– Что мы здесь делаем? – шепнула Зофия Хелена Штефану.
Едва пройдя переднюю, где пахло ладаном, они попали в длинную очередь: хорошо одетые люди спускались откуда-то сверху к дверям капеллы Хофбурга. Зофи сделала все, как велел ей Штефан, хотя он и не объяснил зачем: принарядилась и встретилась с ним у статуи Геракла на Хельденплац.
– Мы стоим за причастием с людьми, которые спустились сюда из лож, – ответил Штефан.
– Но я же не католичка.
– Я тоже.
Зофи вошла за ним в капеллу, небольшую и на удивление скромную – по королевским меркам, конечно. Узкое, устремленное вверх готическое пространство, опоясанное балконами для оркестра и хора, было сплошь белым. Даже стекла в алтарном окне были подкрашены лишь сверху, отчего казалось, что они вот-вот перевернутся.
Проглотив крошечный кусочек мерзкого на вкус хлеба и глоток кислого вина, Зофи прошептала Штефану, отходя следом за ним от алтаря:
– Какая гадость!
Штефан улыбнулся:
– А в твоей церкви что, причащают тортом «Захер»?

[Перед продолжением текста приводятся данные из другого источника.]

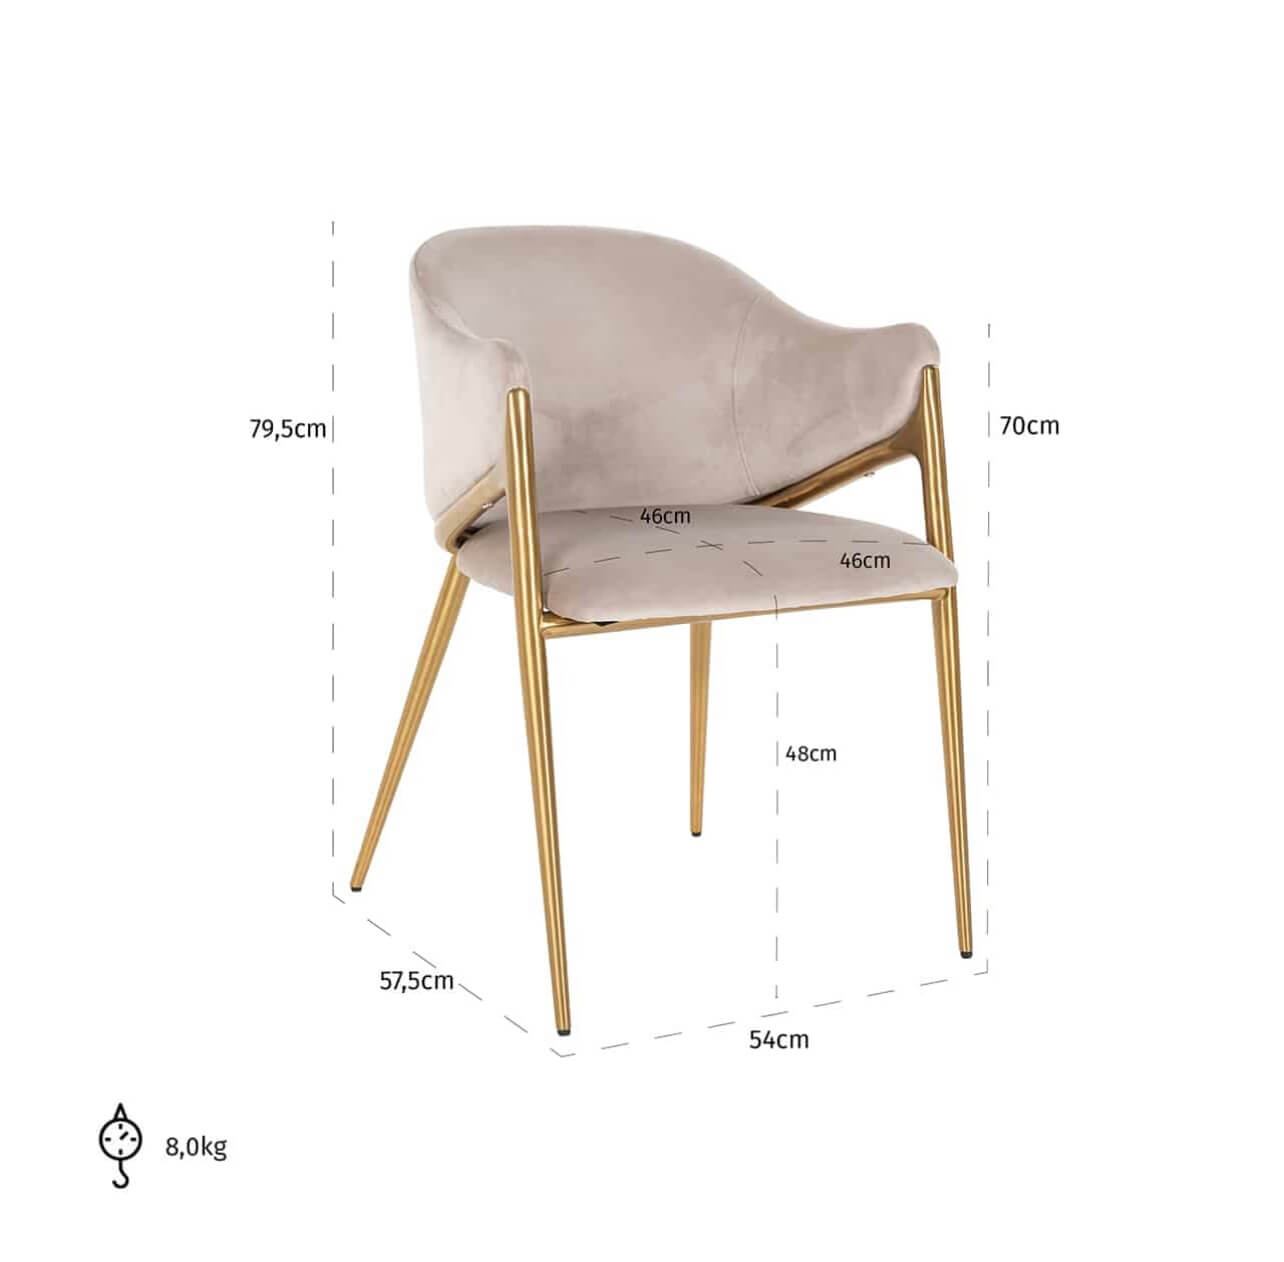 Luxury Brass & Mink Velvet Chair

Причастившись, люди снова устремлялись по лестнице наверх, но Штефан не пошел за ними, а остался стоять у выхода из капеллы. Зофи держалась рядом. Когда причастие закончилось, Штефан подвел ее к открытым рядам в задней части капеллы. Там, пока они сидели, ожидая окончания мессы, Штефан достал свой дневник и записал: «Причастие – какая гадость!»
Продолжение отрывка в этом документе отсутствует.